● **About this exercise**
Please reproduce all the data exactly as written and omit the pictures.

● **Data block**
┄┄┄┄┄┄┄┄┄┄

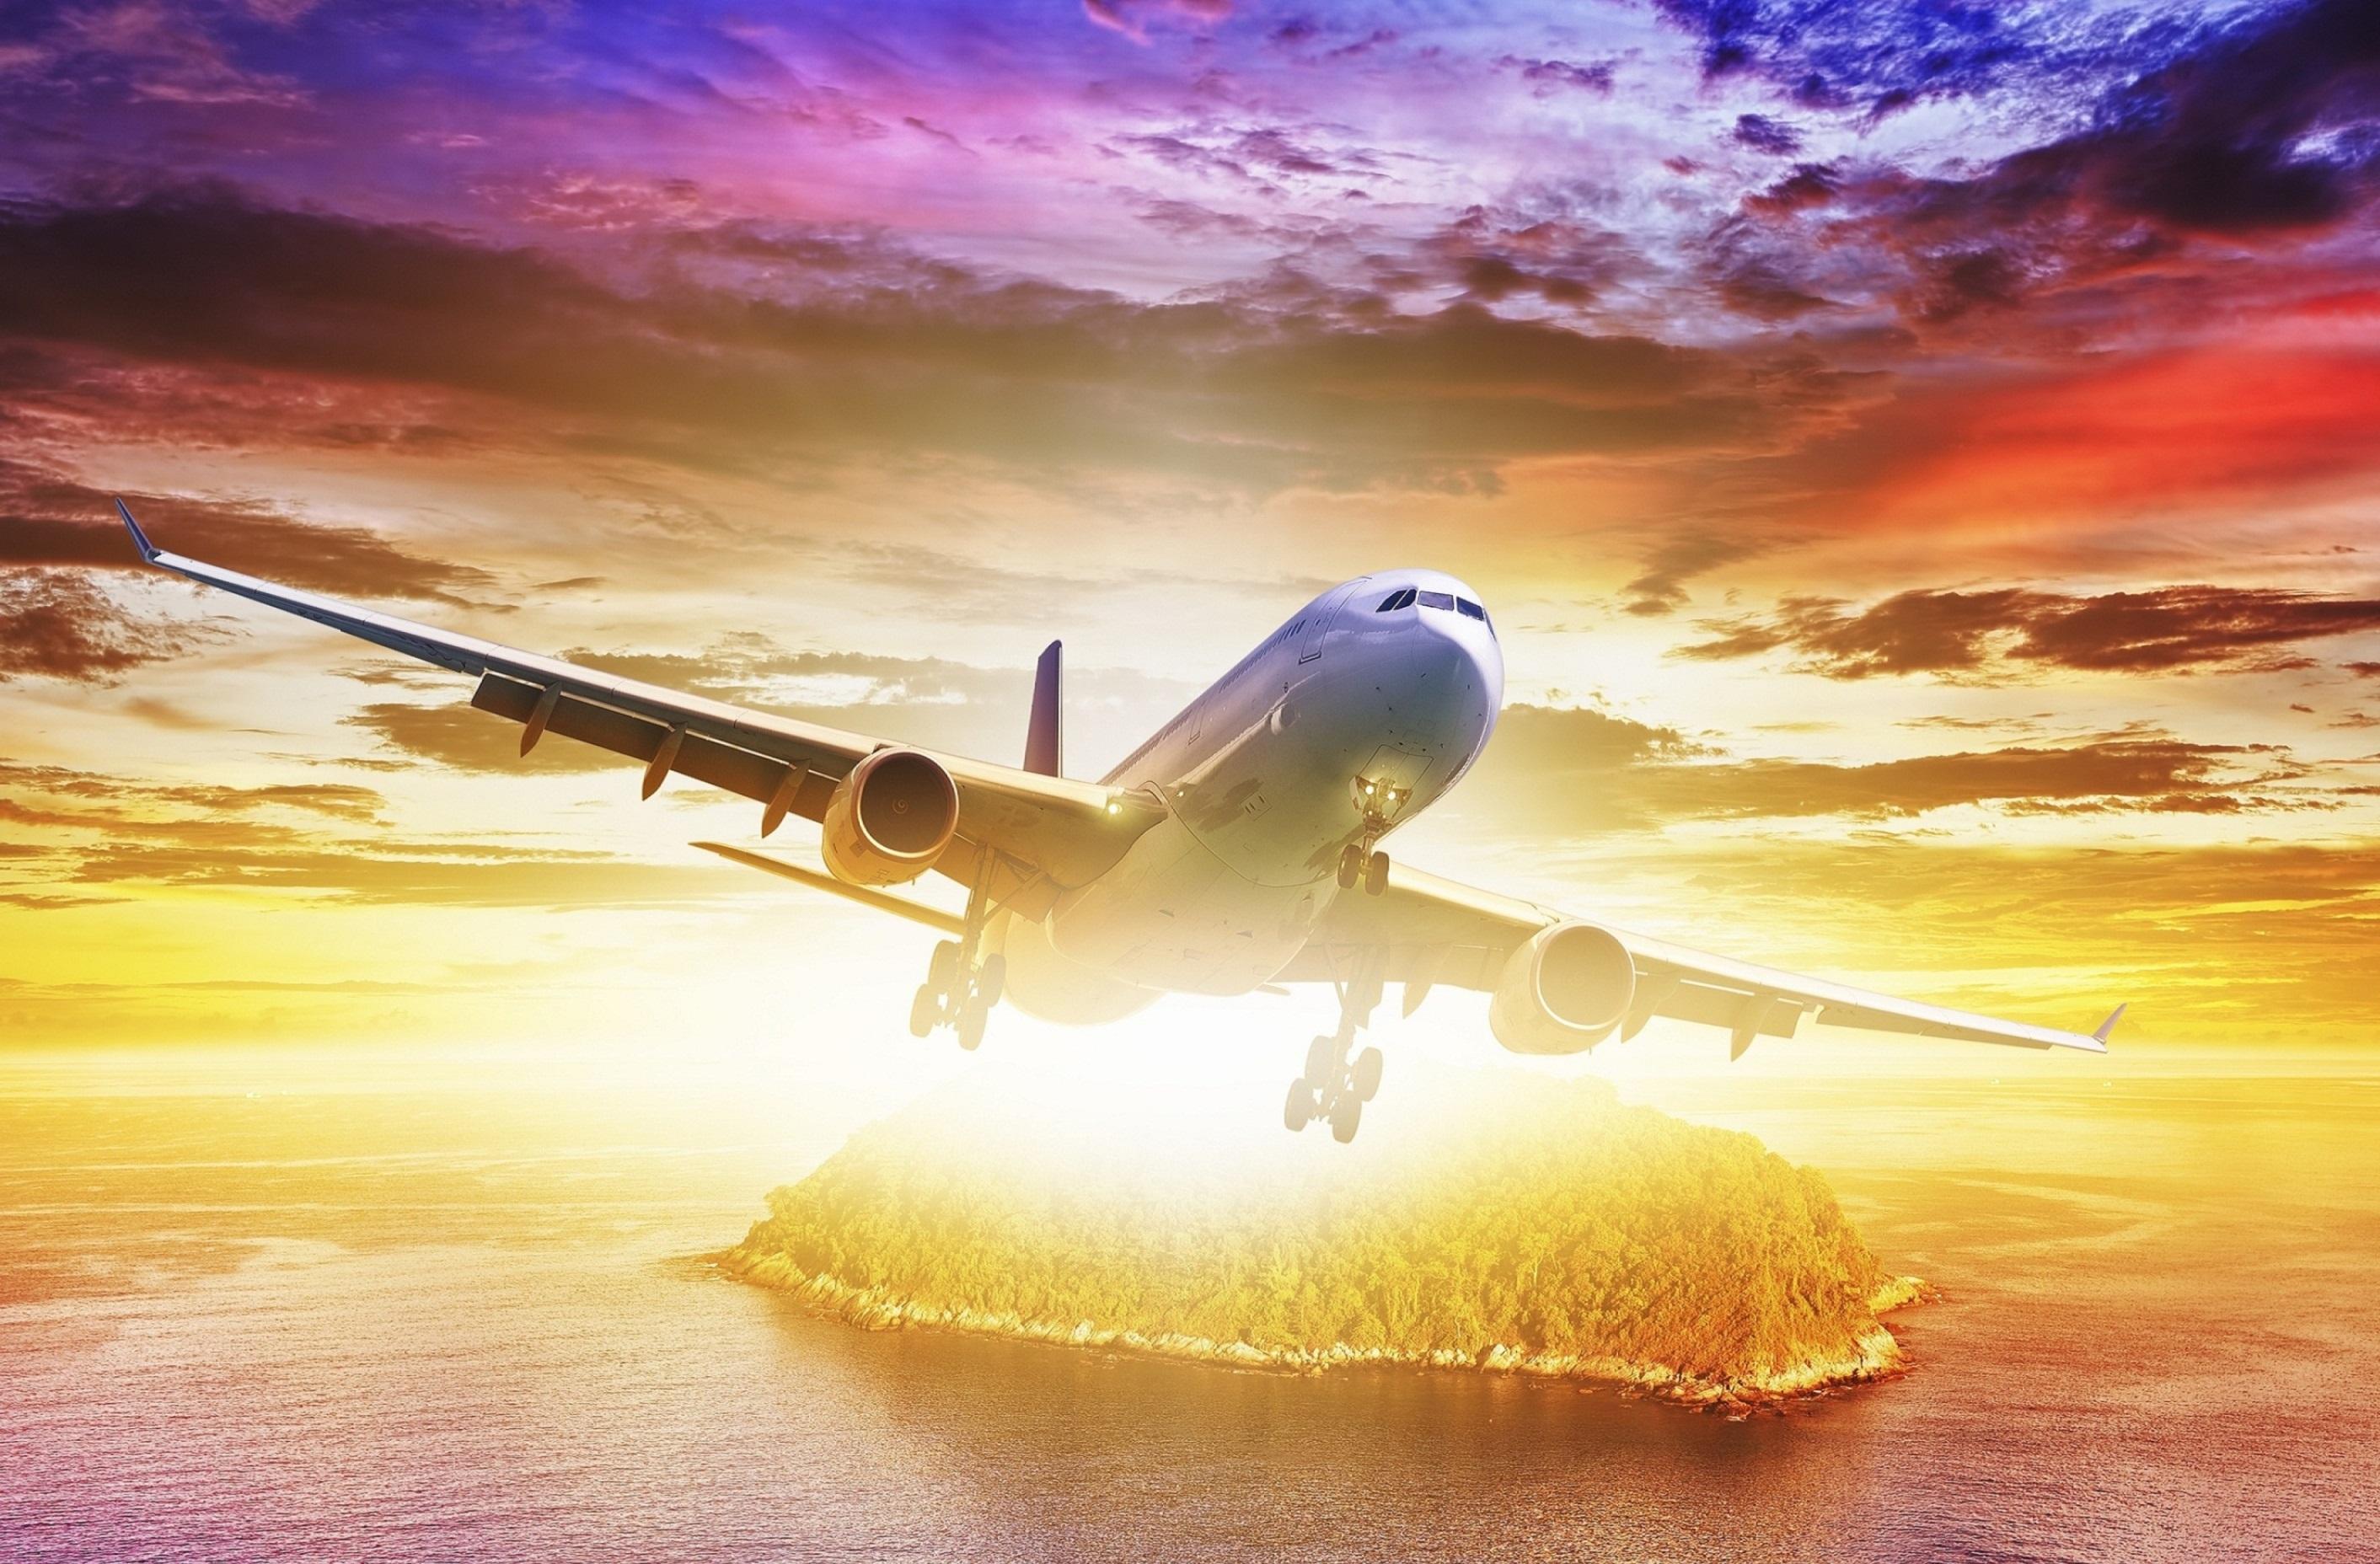 Аэротревел билеты на самолет купить авиабилет сургут ростов
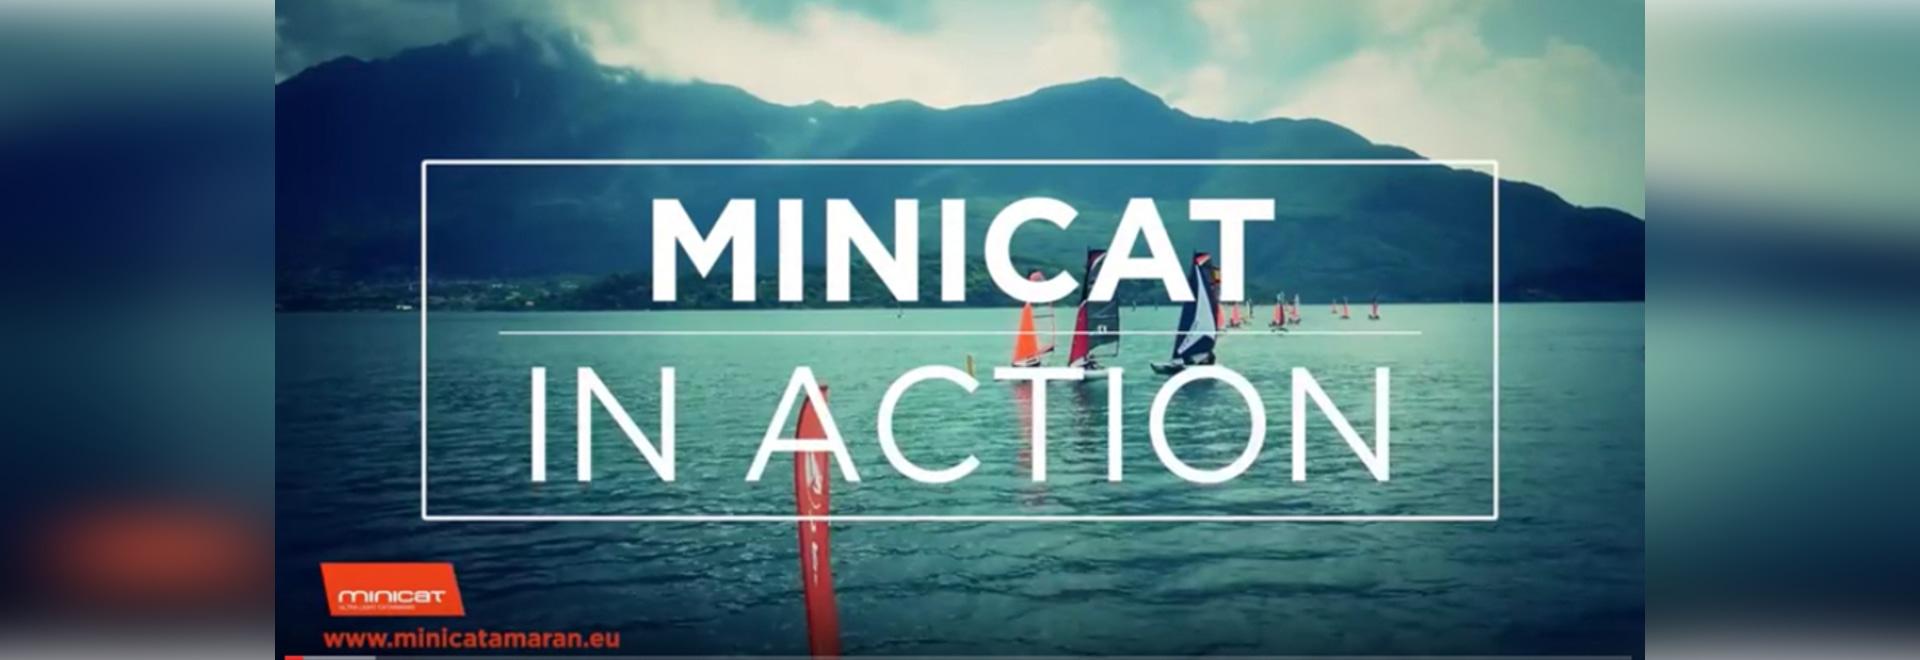 MiniCat in Action
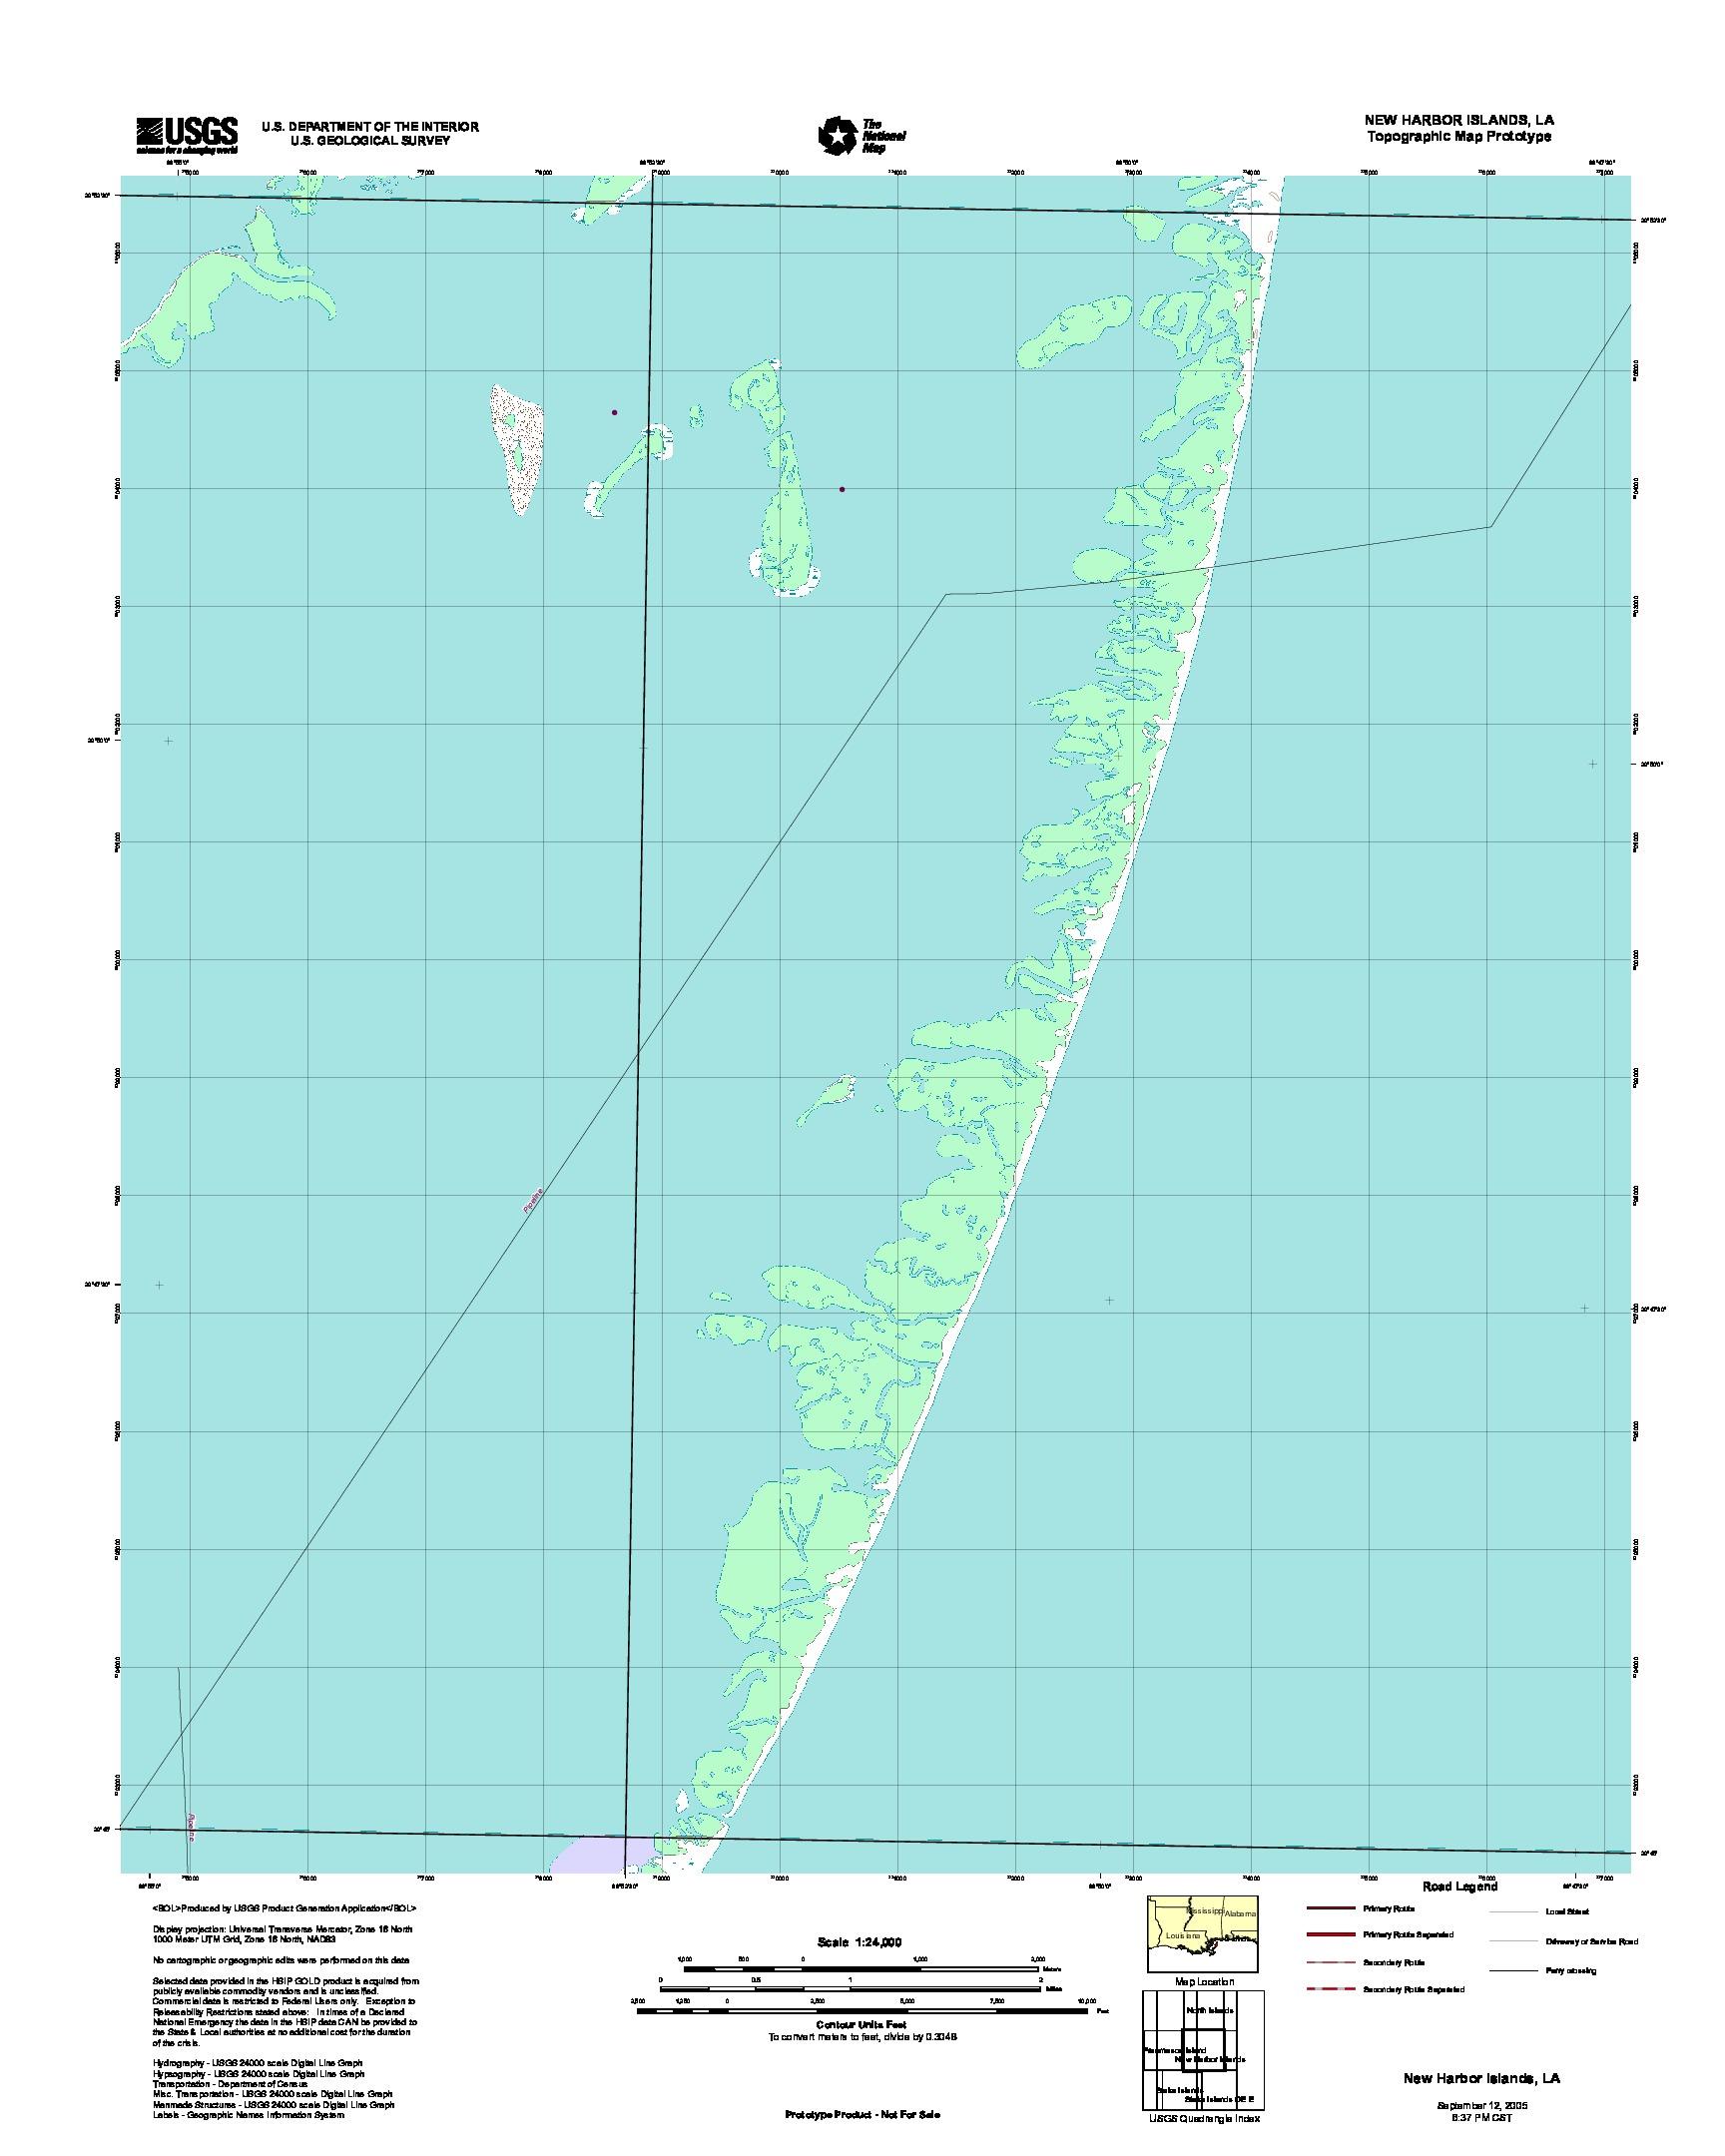 Prototipo de Mapa Topográfico de New Puerto Islands, Luisiana, Estados Unidos, Septiembre 12, 2005

┄┄┄┄┄┄┄┄┄┄

● **Exercise response**
 Аэротревел билеты на самолет купить авиабилет сургут ростов
 MiniCat in Action
 Prototipo de Mapa Topográfico de New Puerto Islands, Luisiana, Estados Unidos, Septiembre 12, 2005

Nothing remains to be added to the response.